У Пола опустились руки. Что делать, он не знал, силы, казавшиеся некогда неисчерпаемыми, вдруг покинули его и он просто покорился судьбе, неожиданно обрушившей на него все несчастья.
Осужден он был, как уже говорилось, на два месяца. В камере, куда отправили незадачливого бизнесмена, помимо него находилось еще несколько человек, тоже сидевших за мошенничество. Привыкший слышать неприятные, а то и страшные рассказы о том, что творится за решеткой, Галейн ожидал худшего, был готов отстаивать себя чуть ли не до последней капли крови.
Но репутация и здесь пришла ему на выручку. В первый же вечер, расспросив новичка о том, кто он и как оказался здесь, «братва» единодушно выразила ему сочувствие. Удивление мужчины, вполне естественное в этом случае, было быстро развеяно – о «Гало» слышали и здесь, и относились к фирме более, чем хорошо. Когда же стало известно, что все надежды ее владельца обернулись прахом, сокамерники только покачали головами и, видя, насколько он подавлен, решили оставить Цыгана – так прозвали его в камере – в покое.
Так прошел месяц.
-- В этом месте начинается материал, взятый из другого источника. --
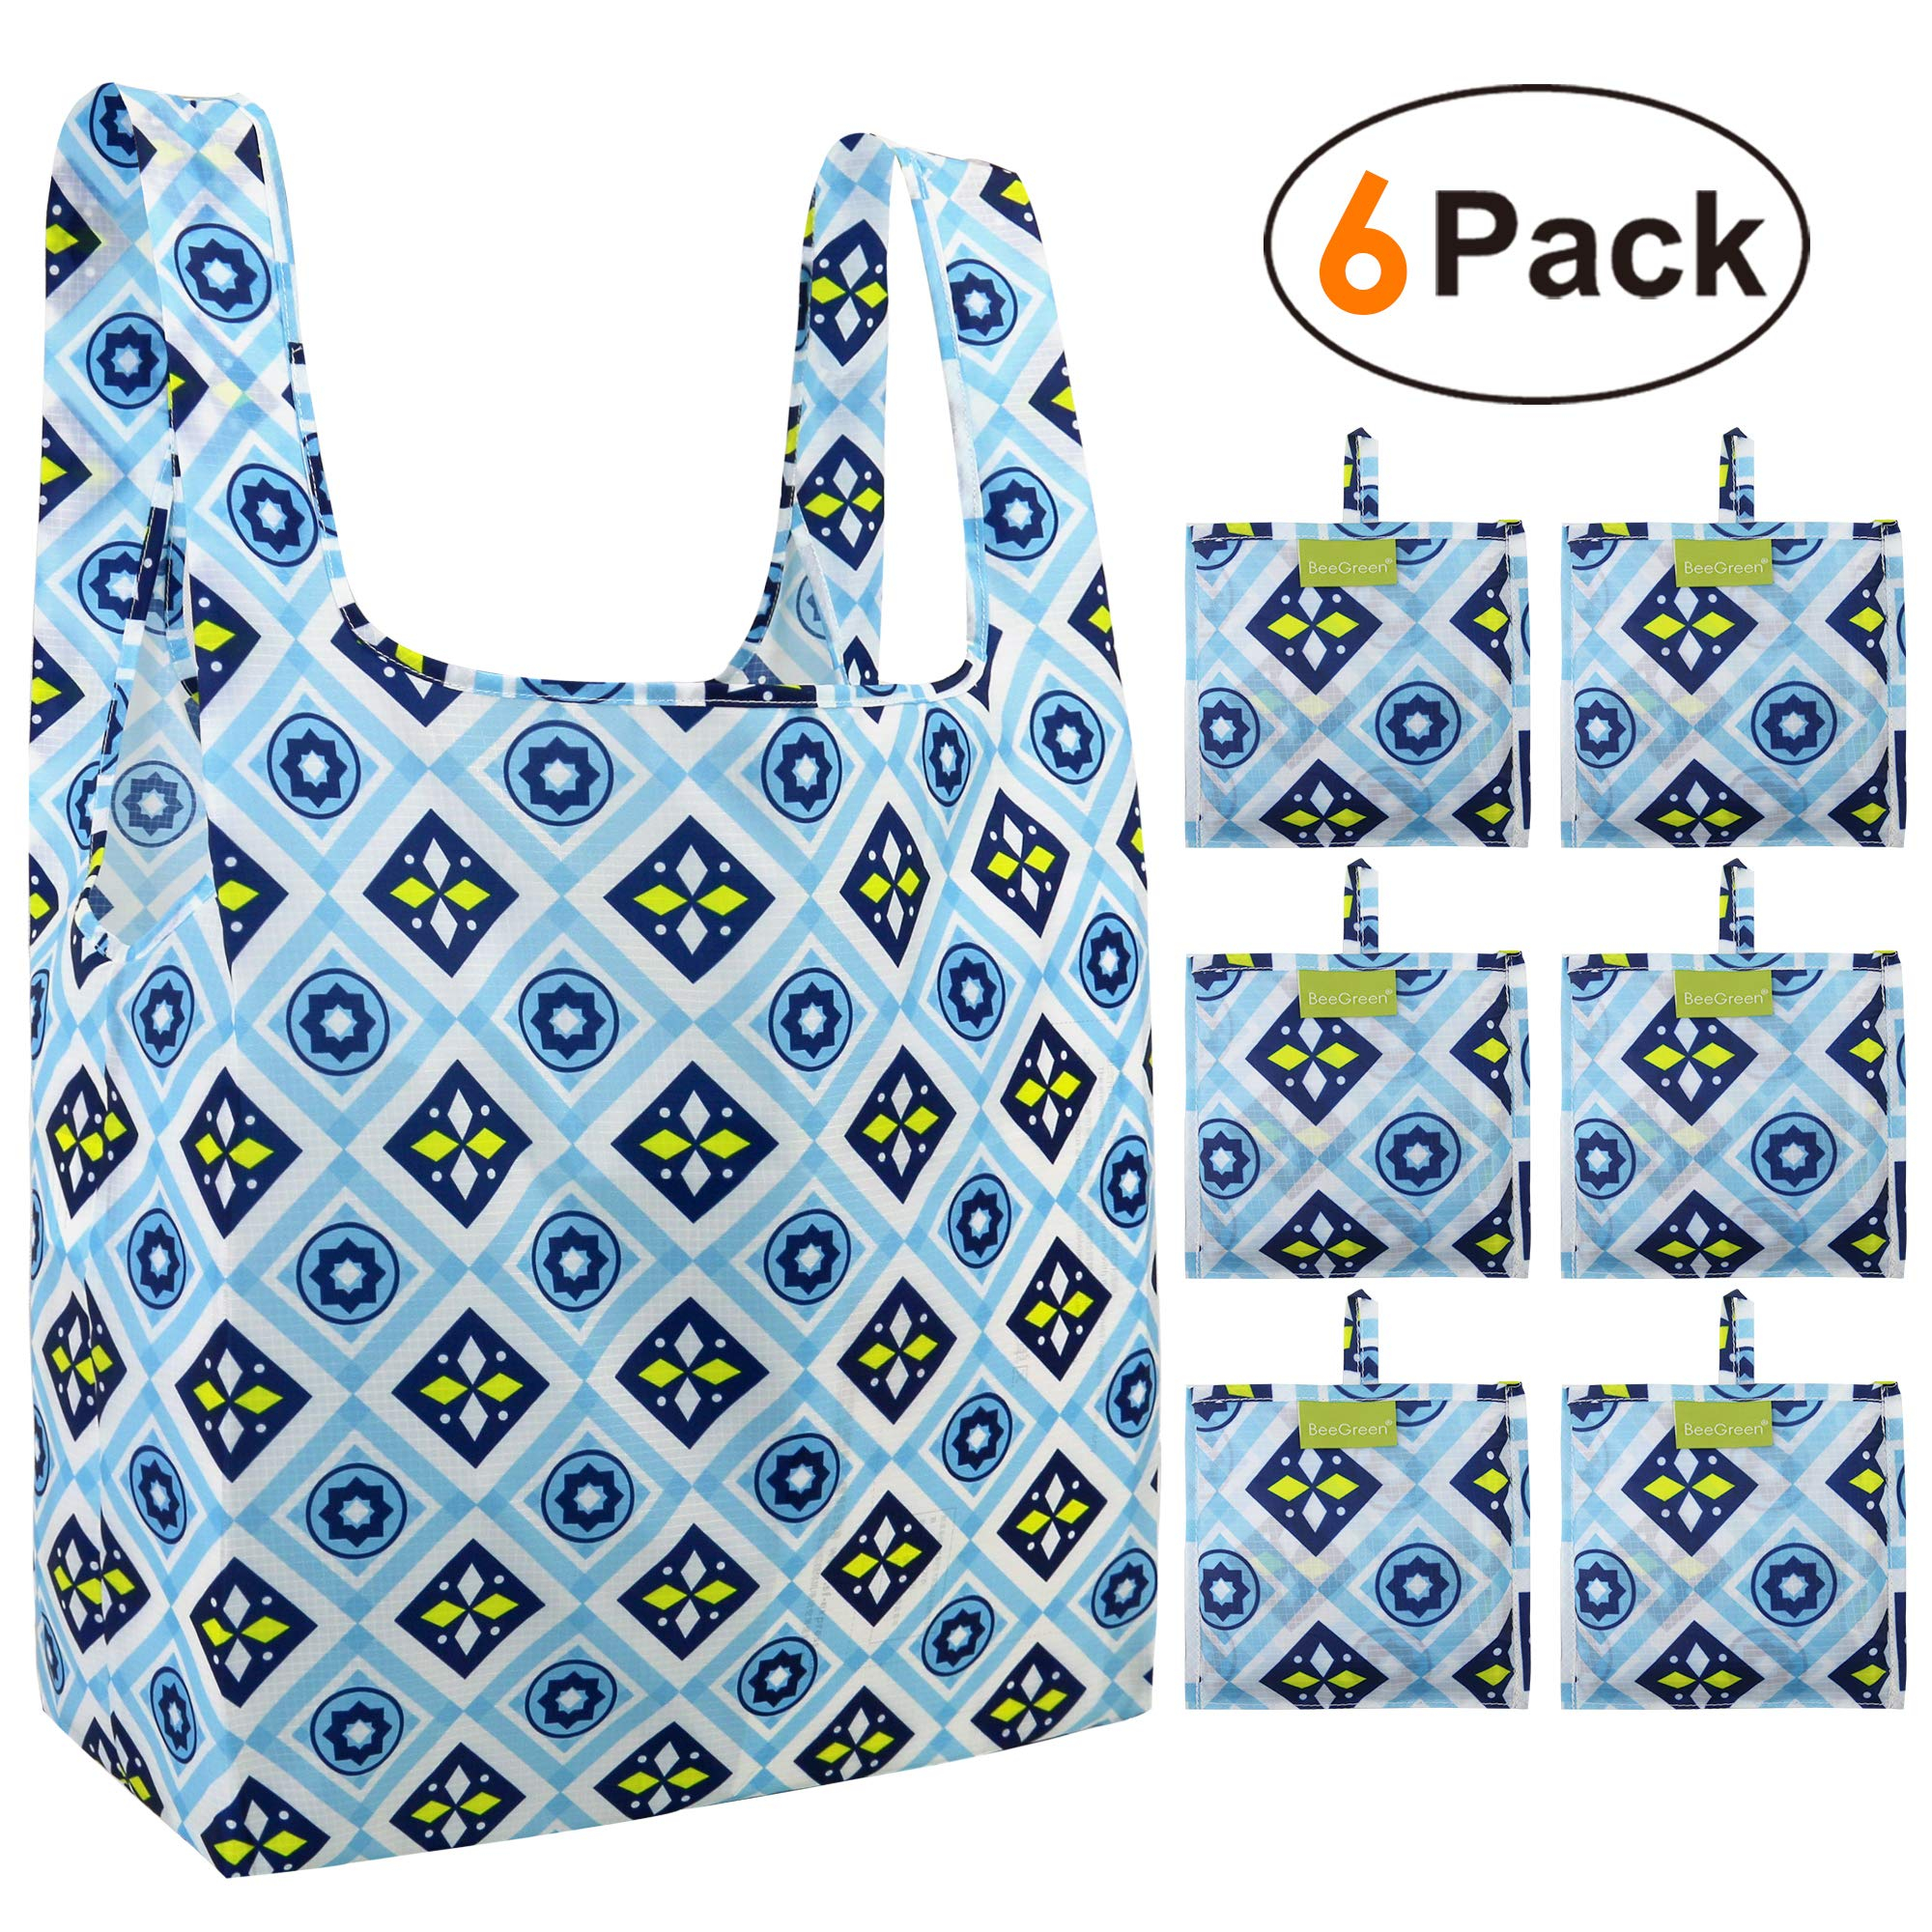 Reusable Grocery Bag Pattern Catalog Of Patterns
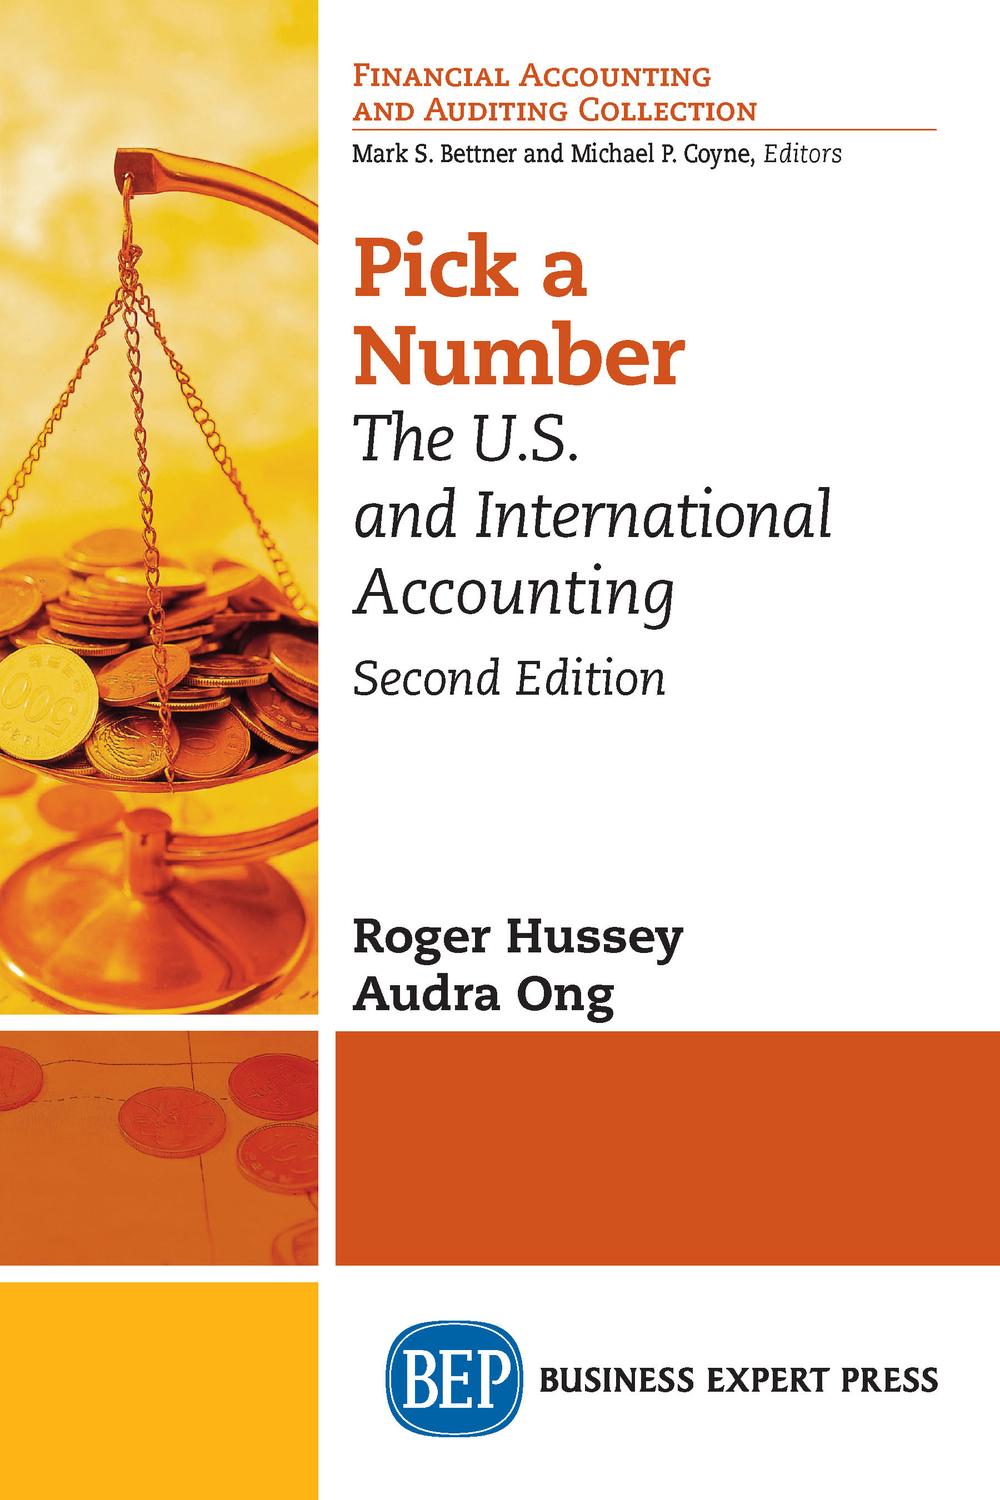 pick a number the u.s. and international accounting 2nd edition roger hussey, audra ong 1947098942,

Цыган, почти забывший в мрачных раздумьях свое собственное имя, влачил жалкое существование больше по привычке, чем действительно сознавая это; постоянно сидел на шконке, тупо глядя в одну точку и, не считая вяло текущих мимо дней заключения, безнадежно ожидал их конца.
Наверное, он так бы и досидел до конца отведенного ему срока, и вышел бы на волю совершенно сломленным, уже не способным продолжать начатое им дело, а фирма, потеряв своего руководителя, тихо загнулась бы, забросанная грязью, если бы не вмешался случай.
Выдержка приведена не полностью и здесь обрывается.